**Data segment:**
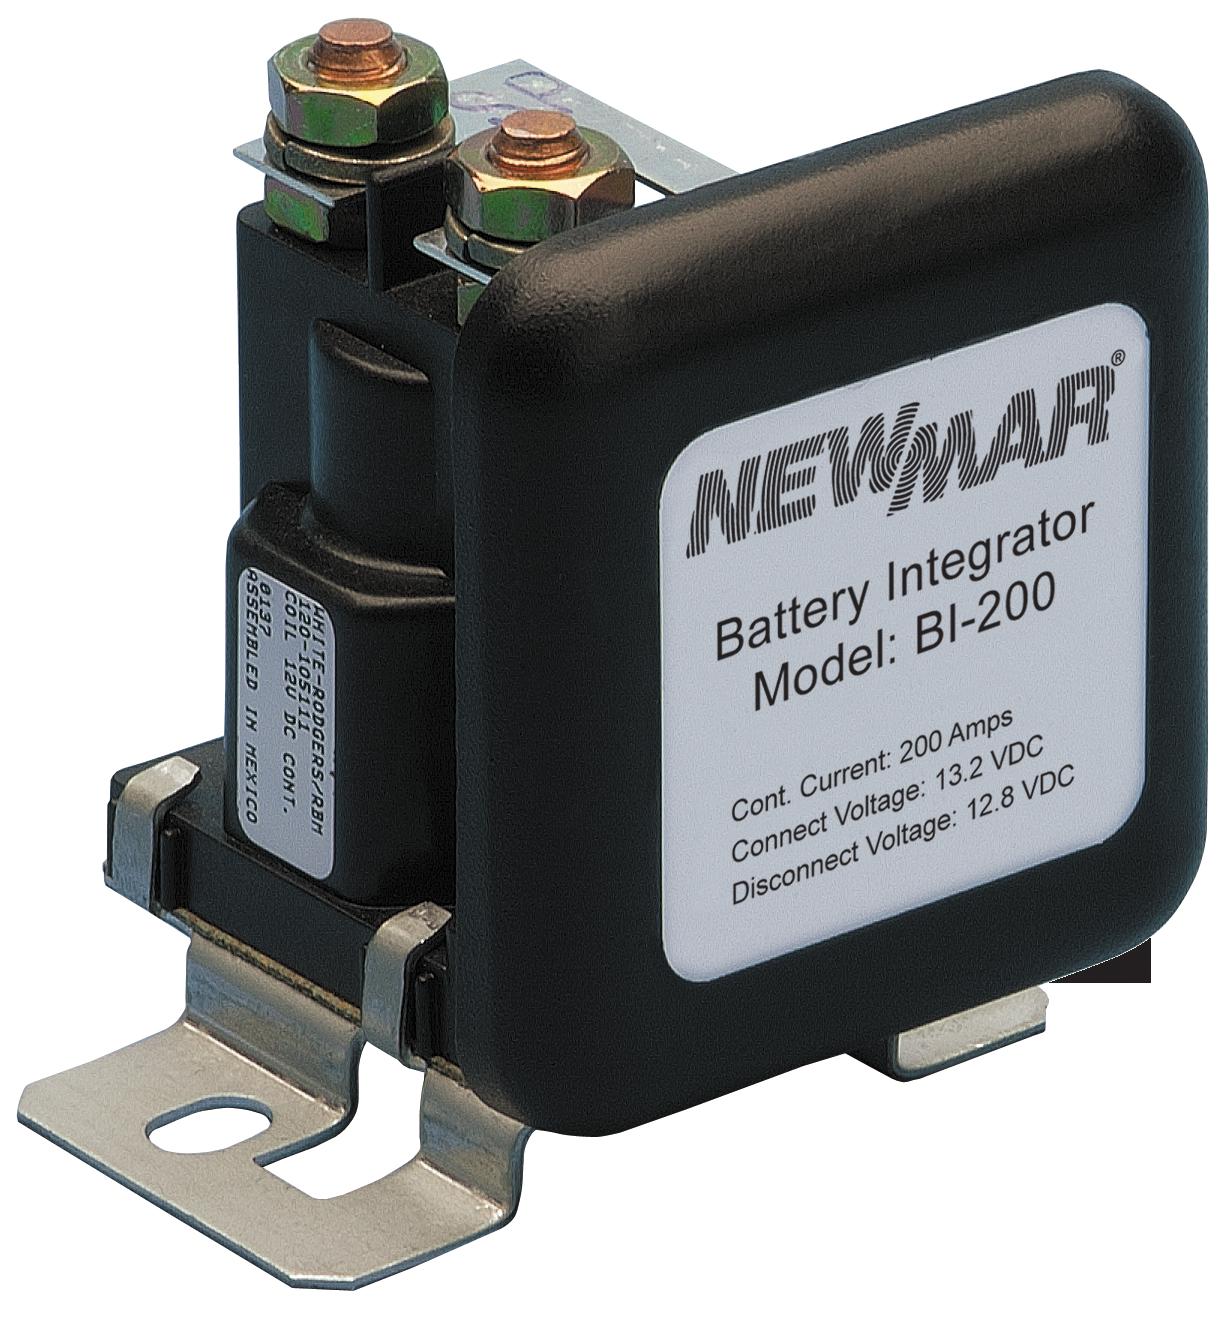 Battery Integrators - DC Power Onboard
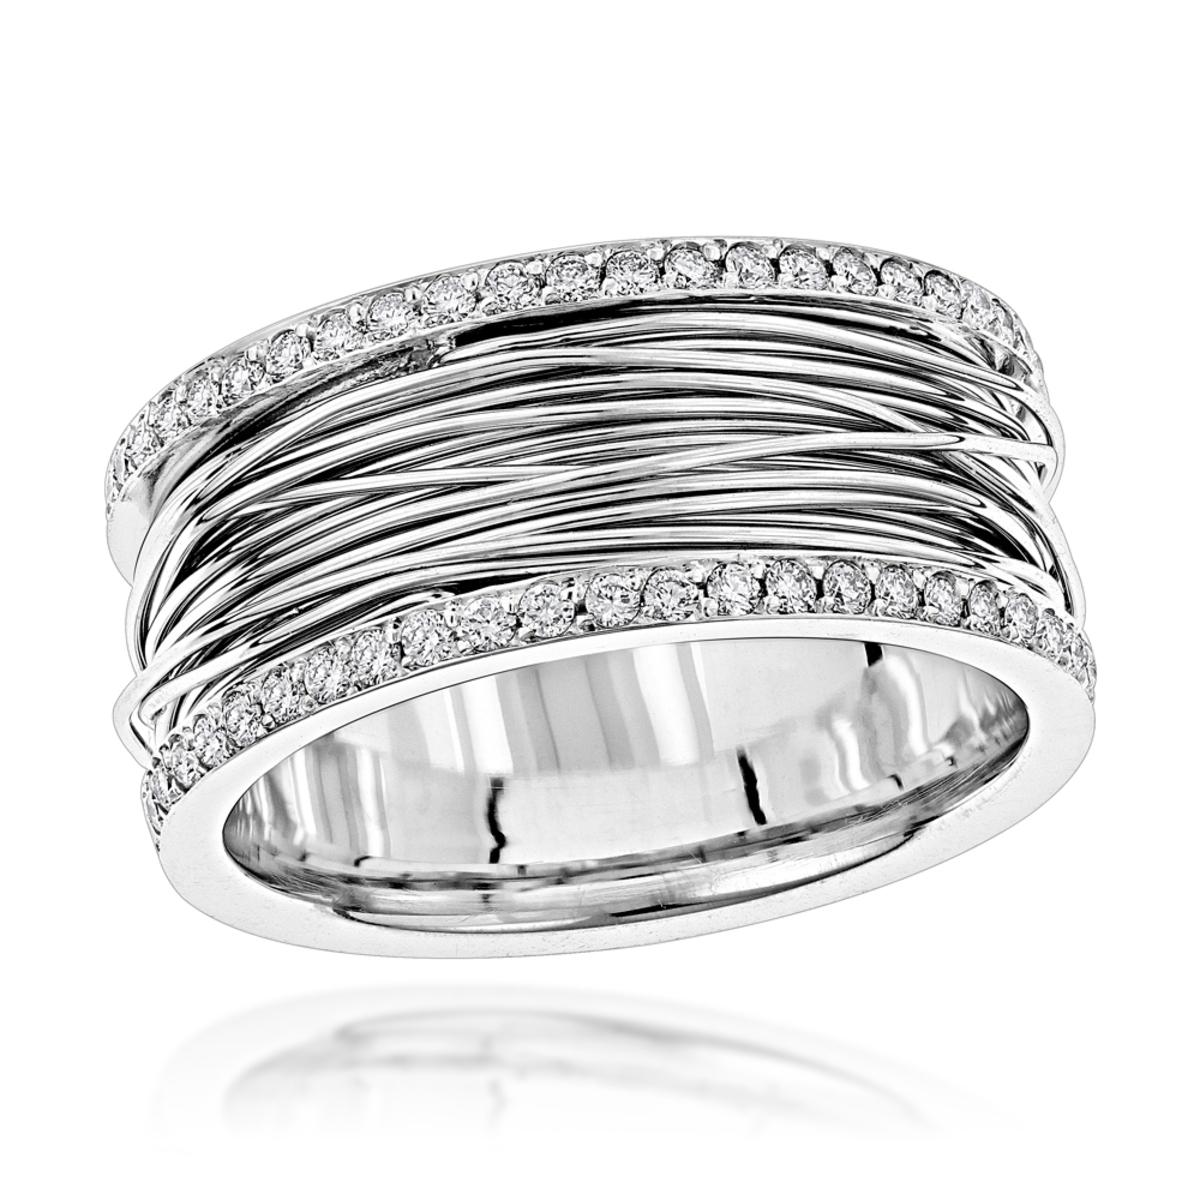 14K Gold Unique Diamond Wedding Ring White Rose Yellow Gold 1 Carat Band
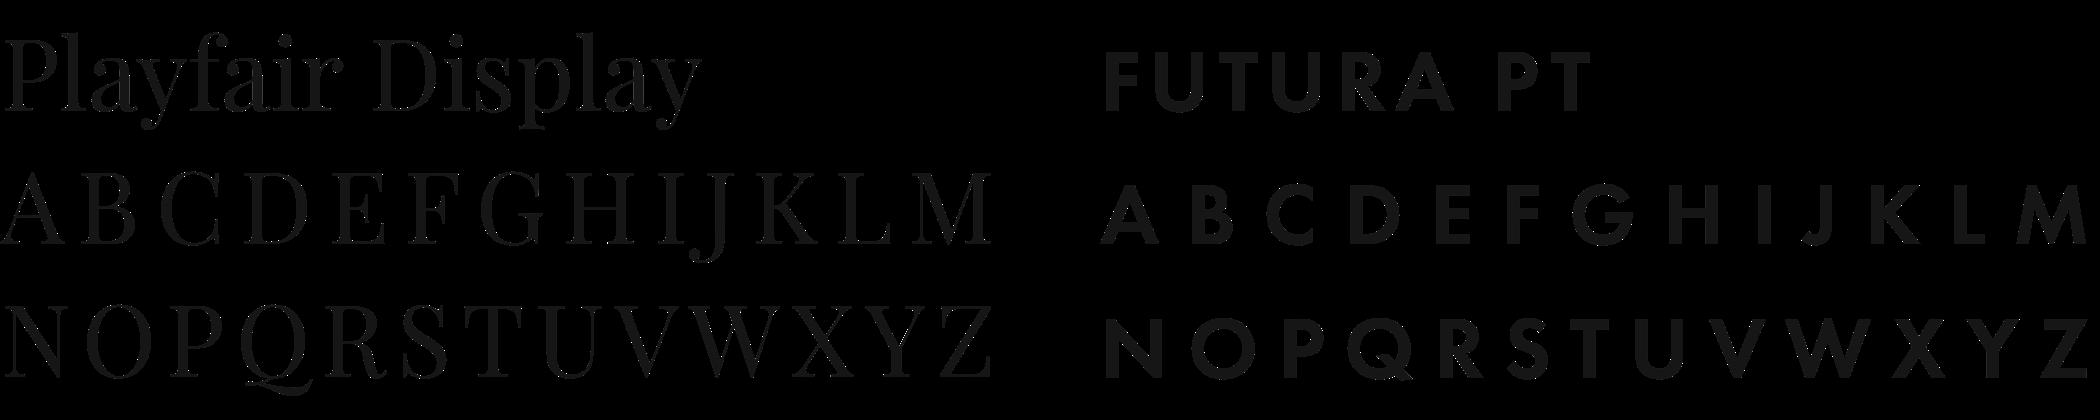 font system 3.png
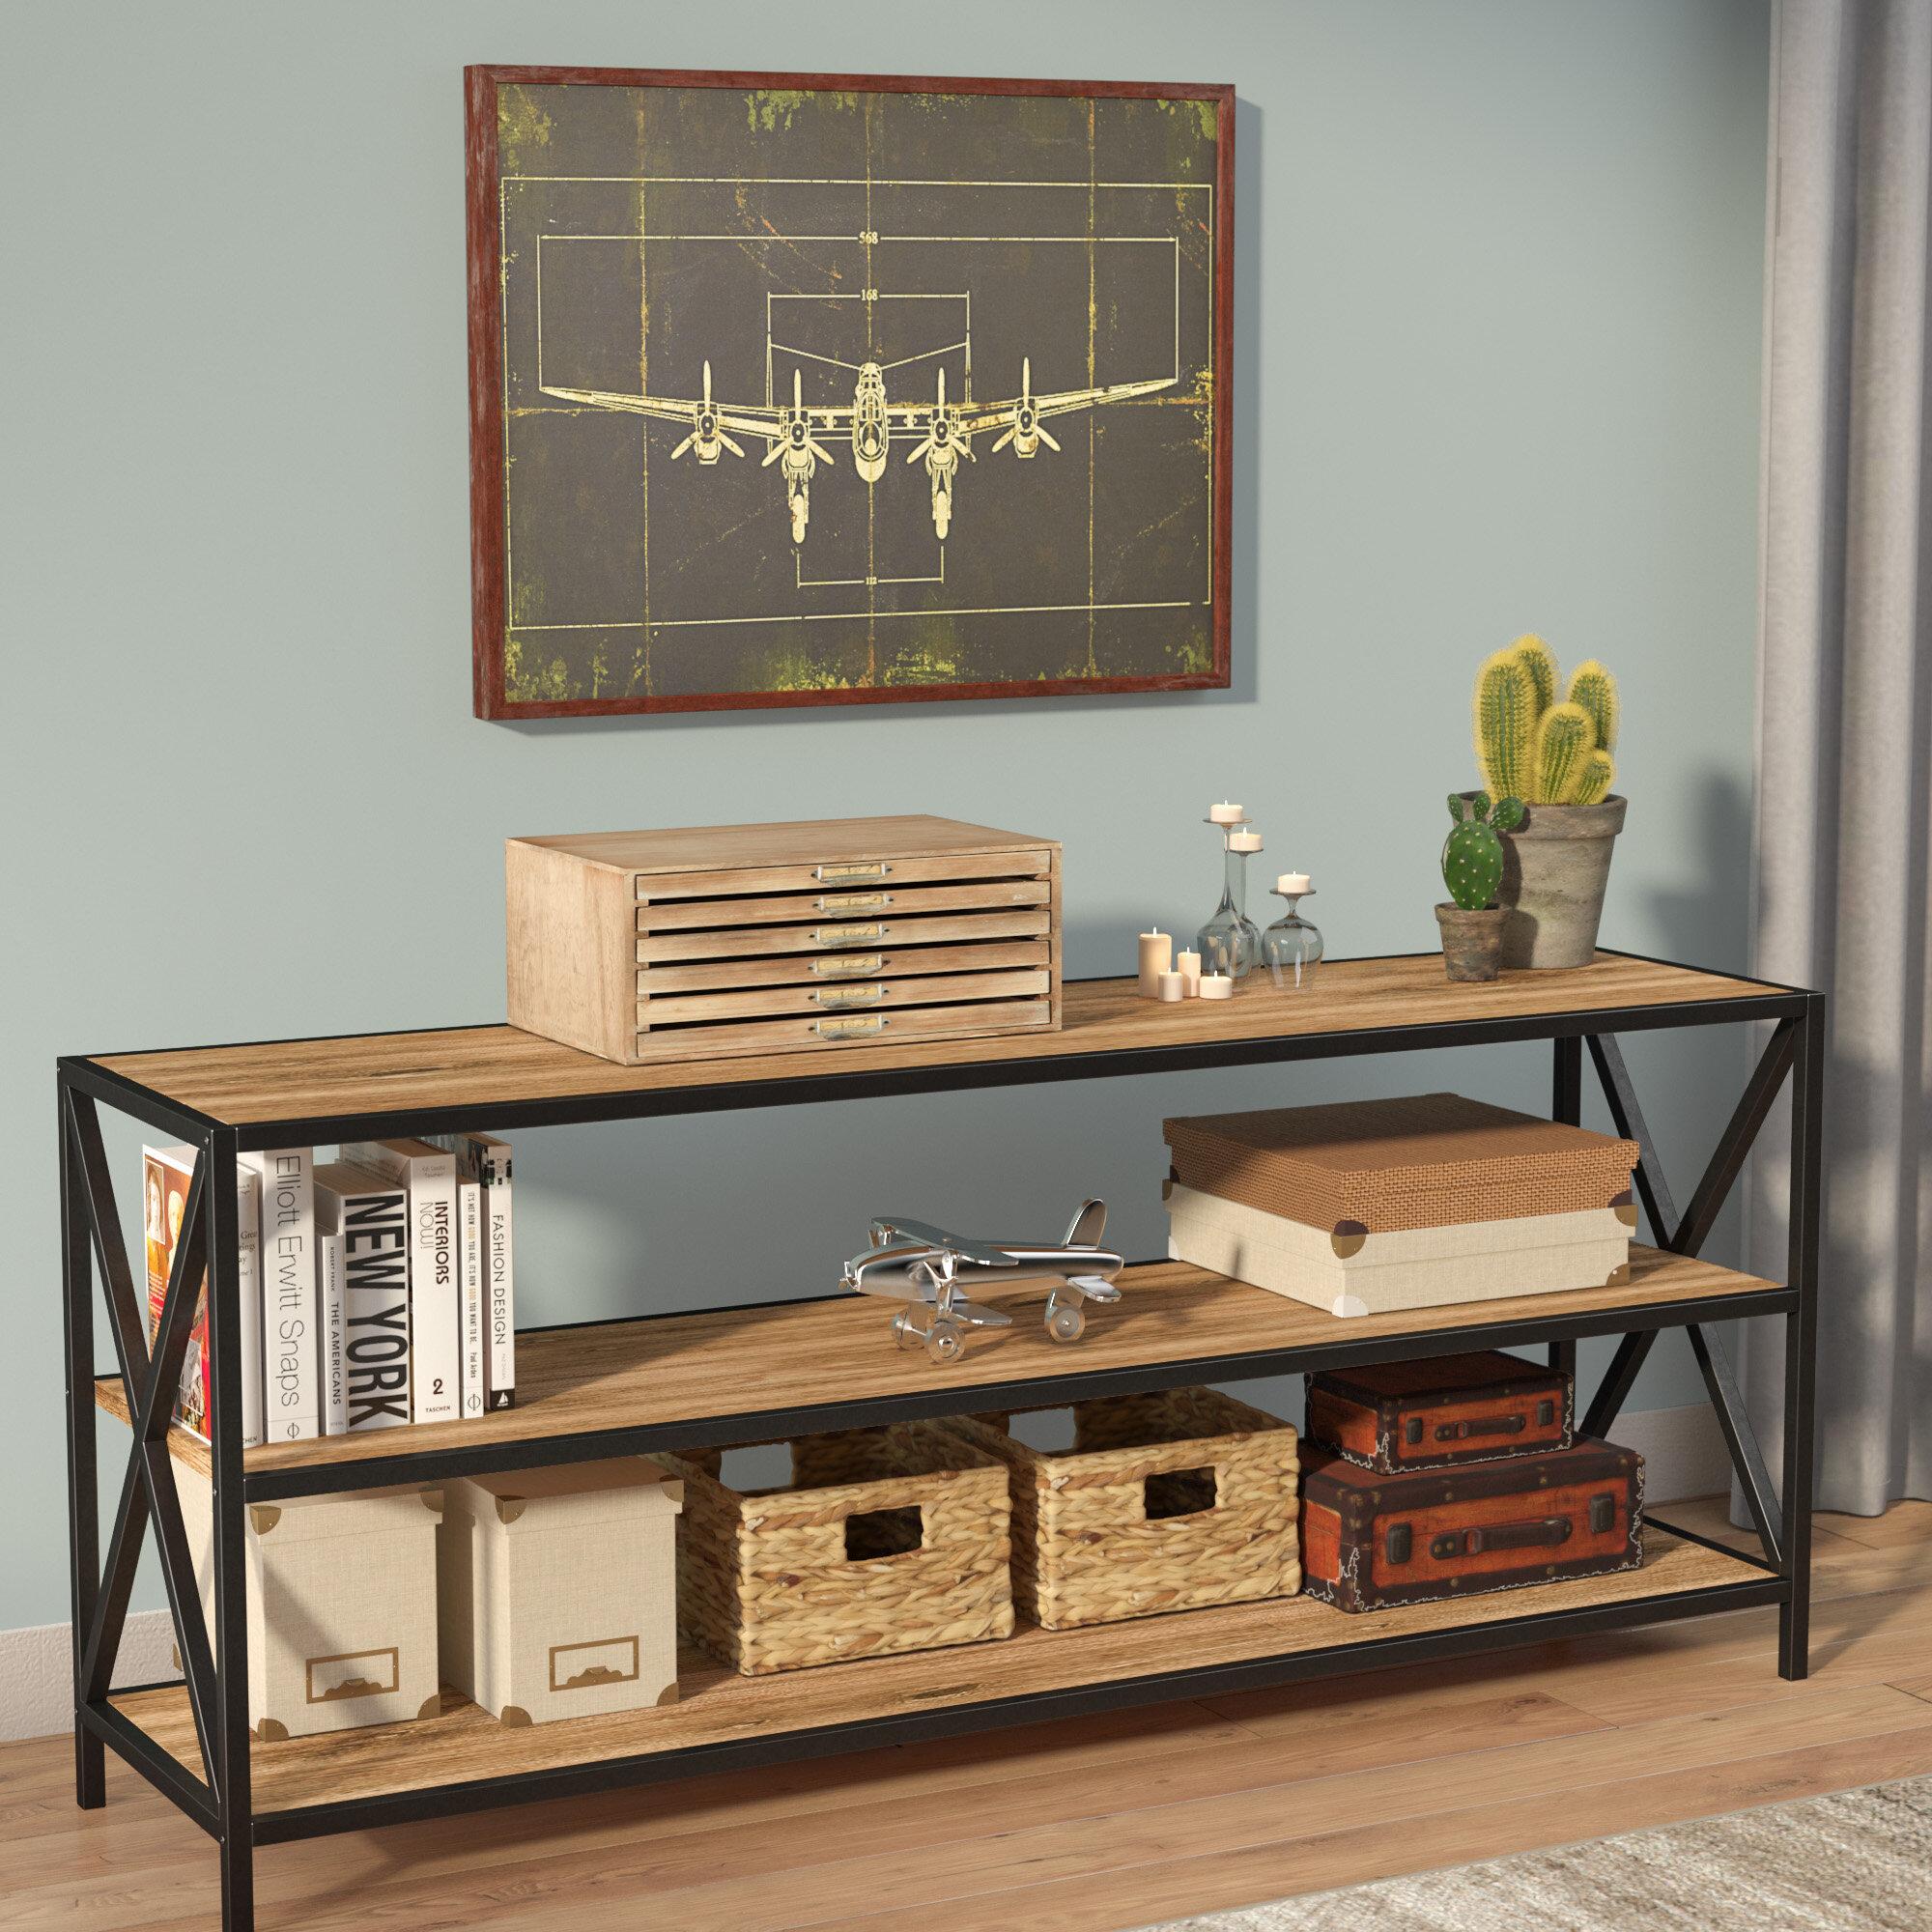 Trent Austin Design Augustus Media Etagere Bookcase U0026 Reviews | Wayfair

**Task objective:** A word-for-word copy of the listing is needed, with no pictures in it.

**Solution for this task:**
 Battery Integrators - DC Power Onboard
 14K Gold Unique Diamond Wedding Ring White Rose Yellow Gold 1 Carat Band
 font system 3.png
 Trent Austin Design Augustus Media Etagere Bookcase U0026 Reviews | Wayfair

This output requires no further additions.